Top of Data

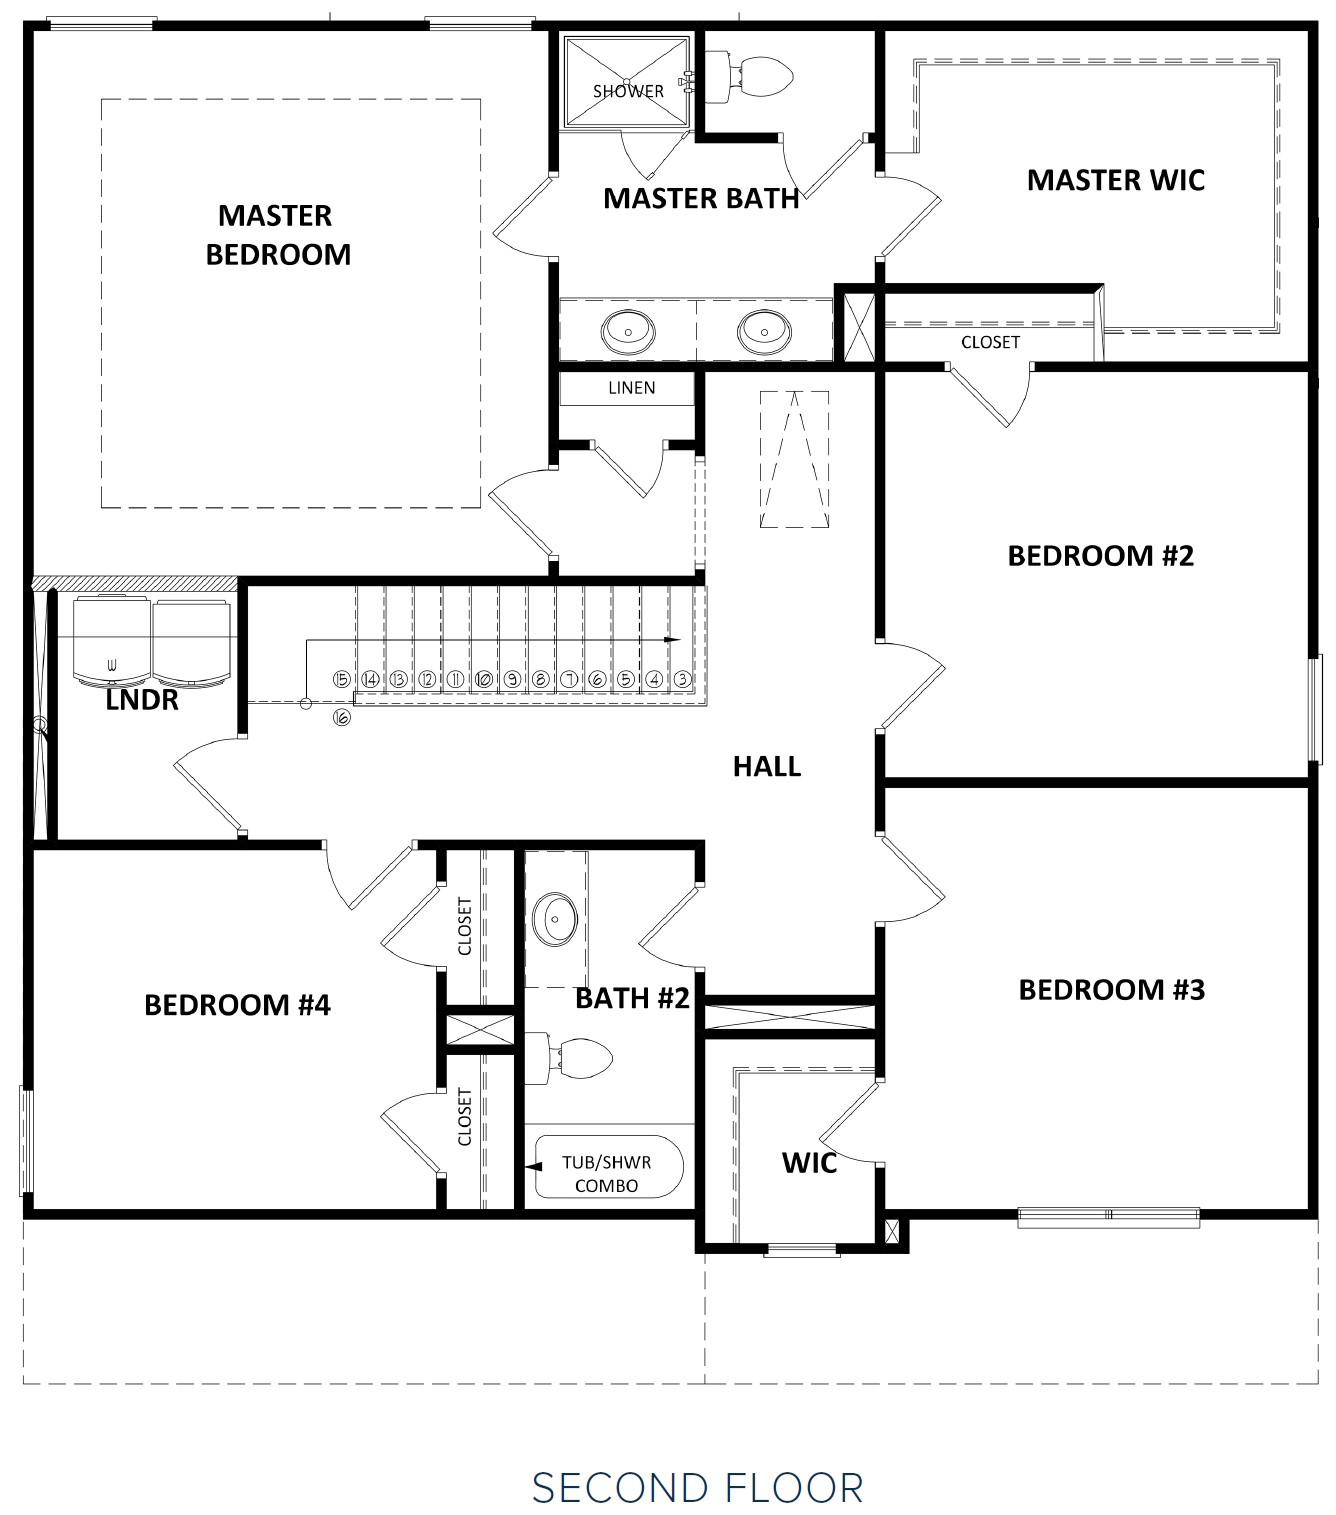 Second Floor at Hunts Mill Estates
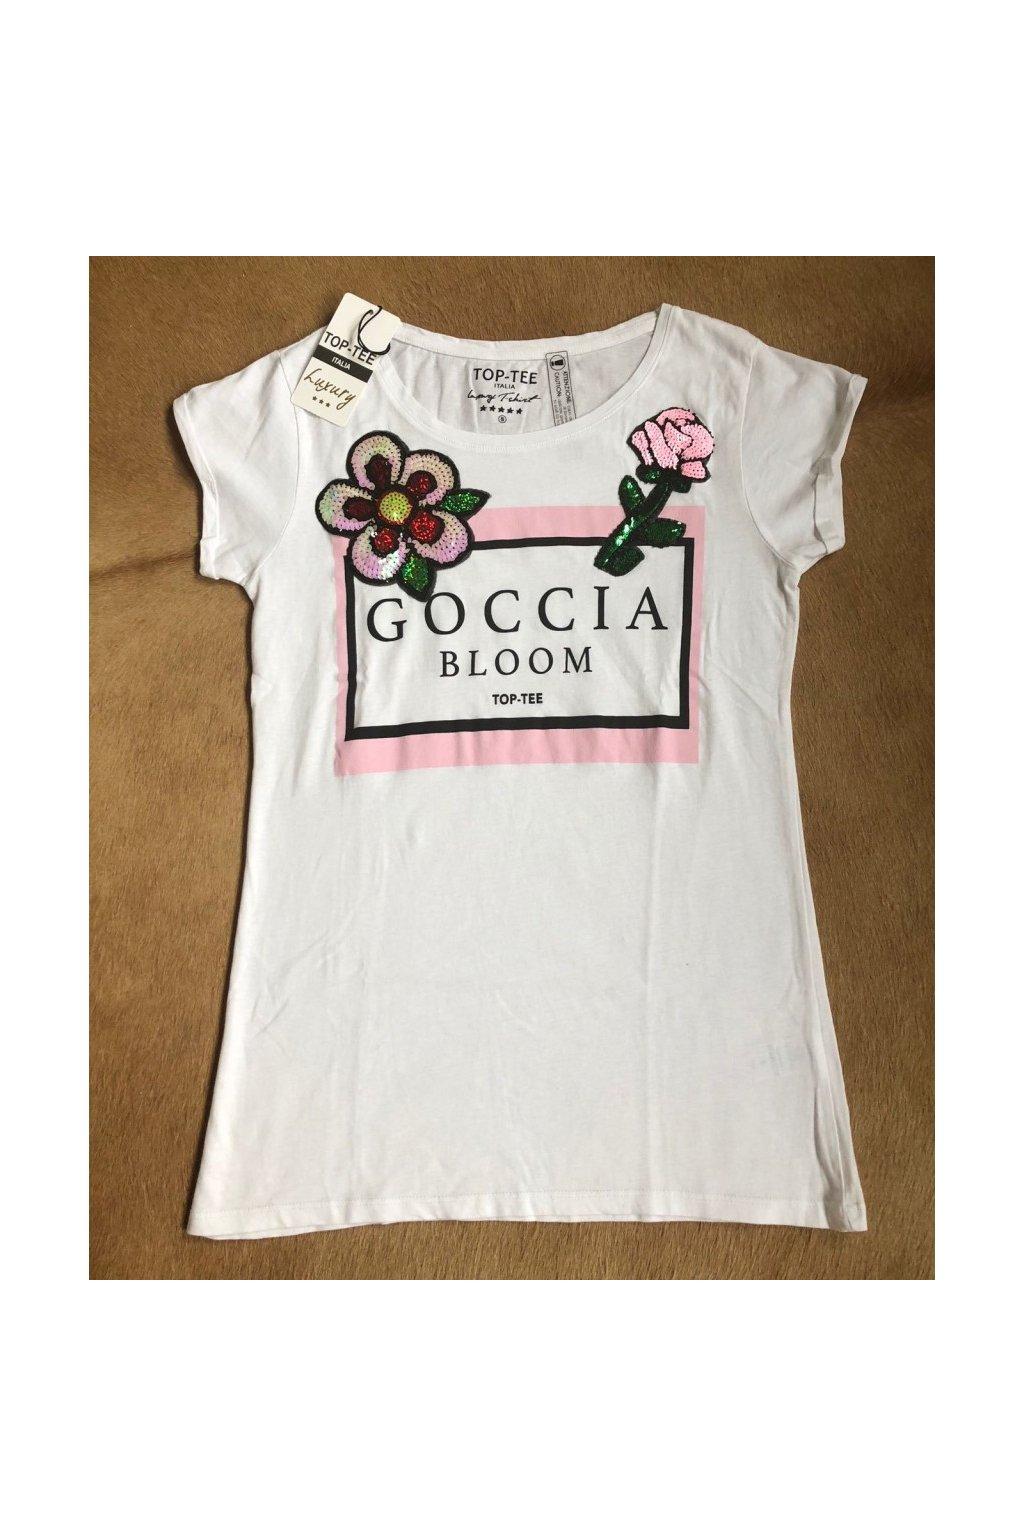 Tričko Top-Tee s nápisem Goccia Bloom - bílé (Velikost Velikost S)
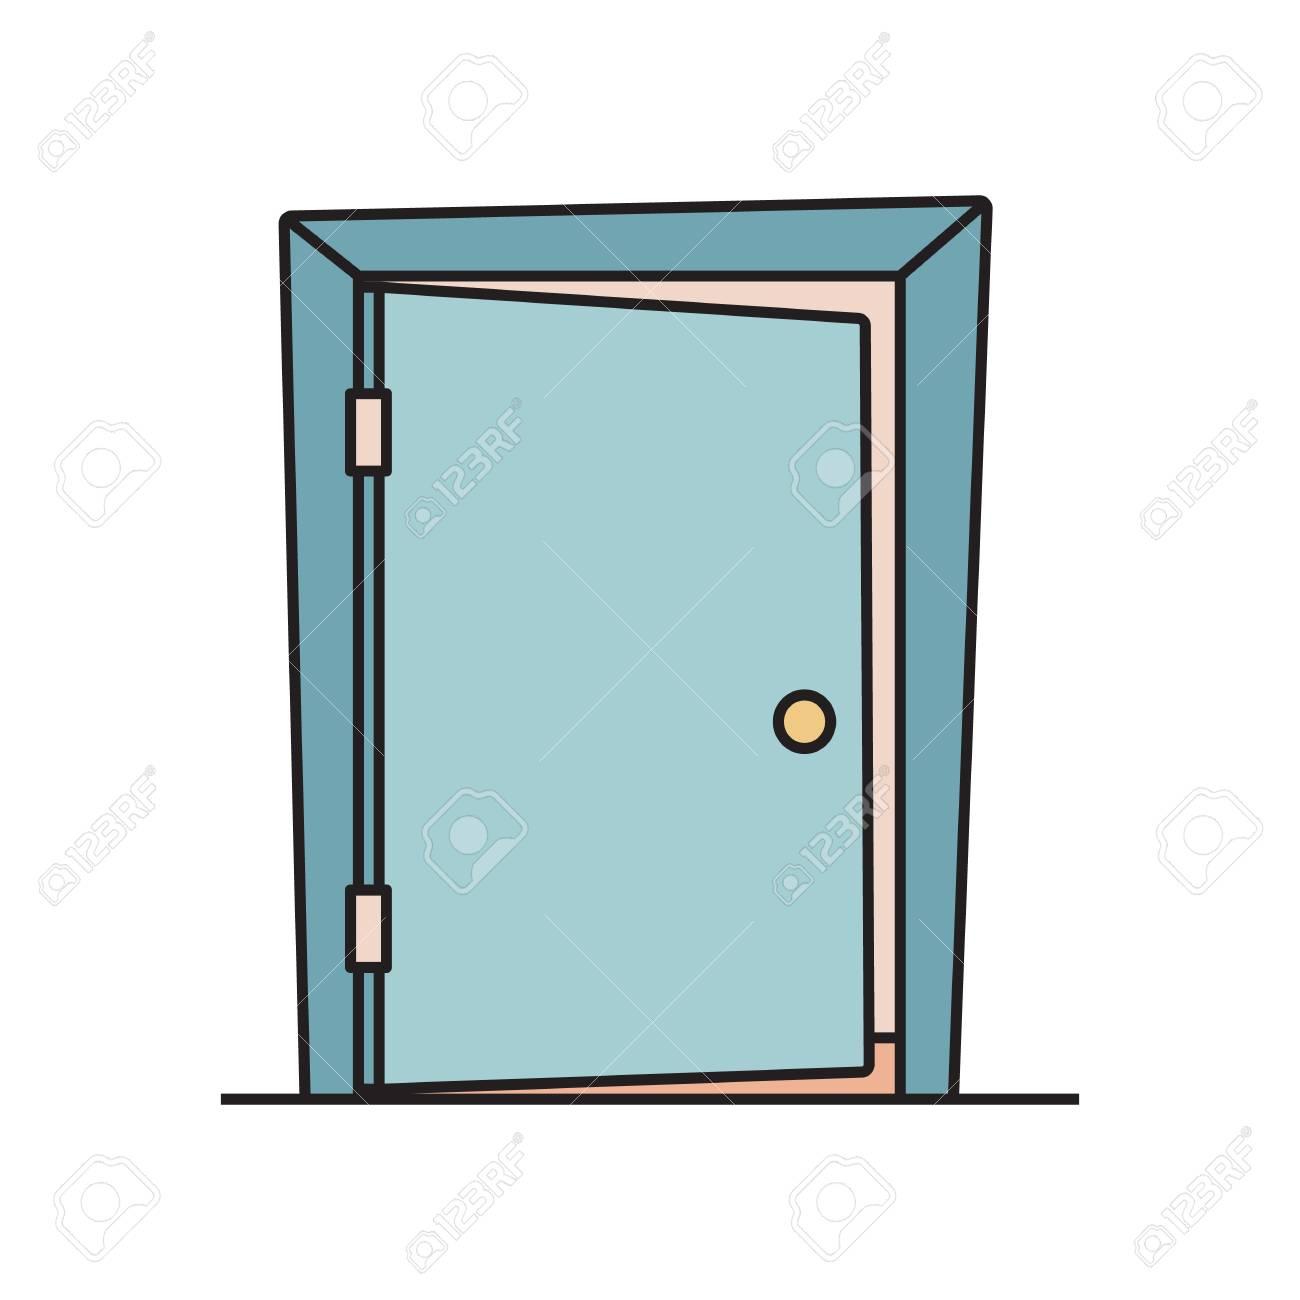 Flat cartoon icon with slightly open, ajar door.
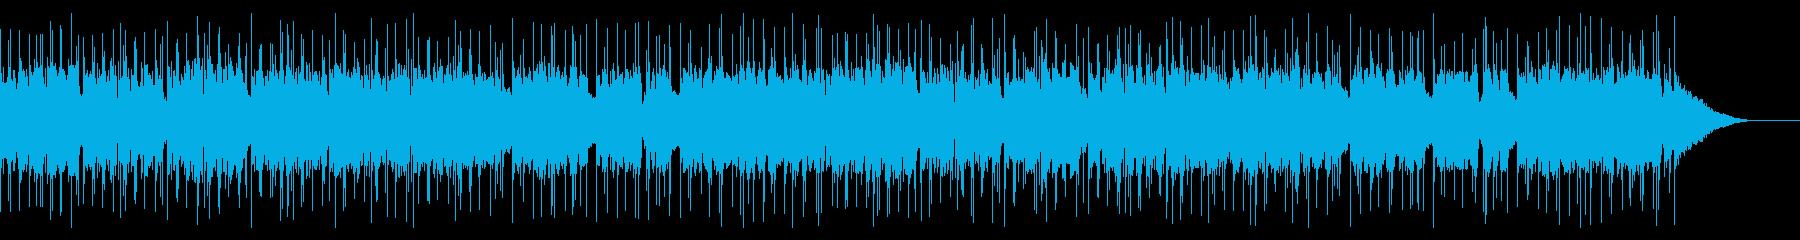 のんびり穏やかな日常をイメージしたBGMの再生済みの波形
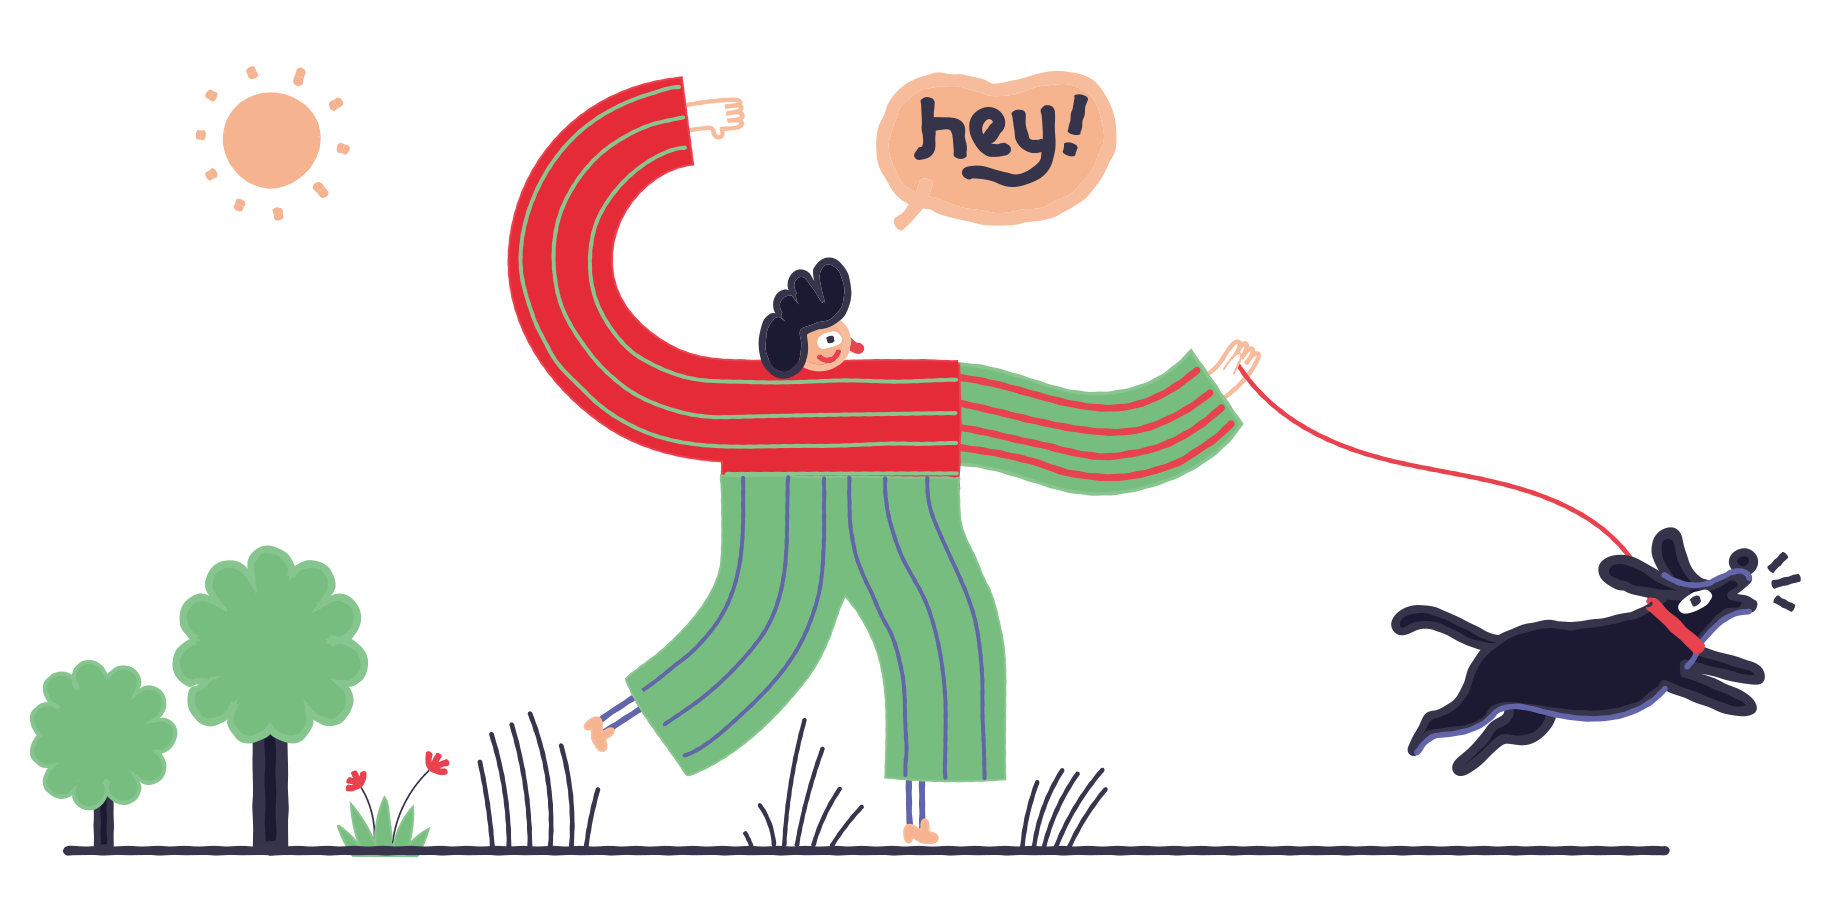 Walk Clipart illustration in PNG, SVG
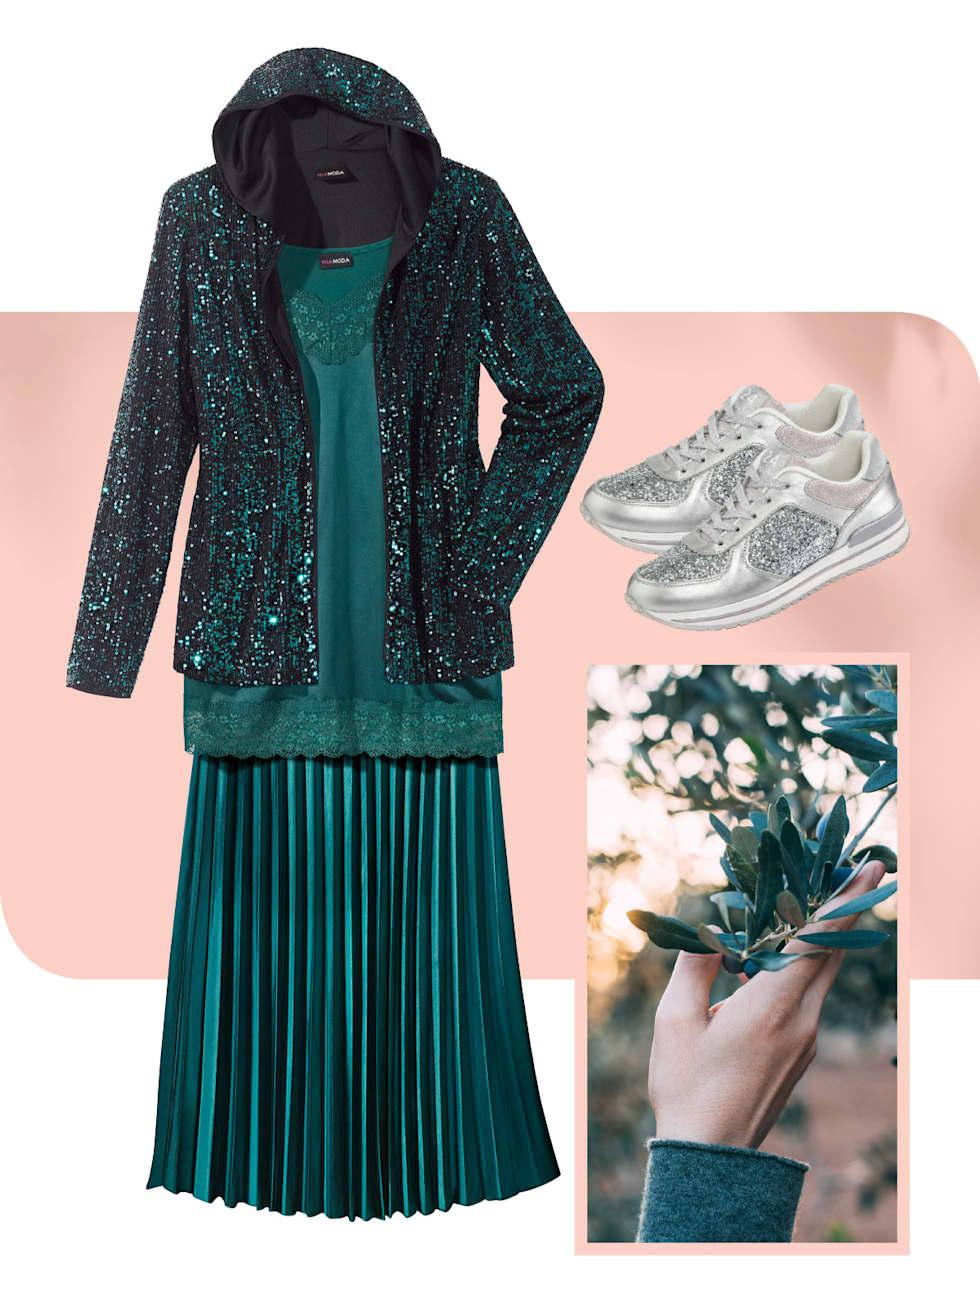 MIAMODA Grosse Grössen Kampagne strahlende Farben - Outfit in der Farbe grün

Bottom of Data

__Instructions for the task__.
Copy the data above word for word. Pictures stay out.

__Task answer__.
 Second Floor at Hunts Mill Estates
 Tričko Top-Tee s nápisem Goccia Bloom - bílé (Velikost Velikost S)
 Flat cartoon icon with slightly open, ajar door.
 のんびり穏やかな日常をイメージしたBGMの再生済みの波形
 Walk Clipart illustration in PNG, SVG
 MIAMODA Grosse Grössen Kampagne strahlende Farben - Outfit in der Farbe grün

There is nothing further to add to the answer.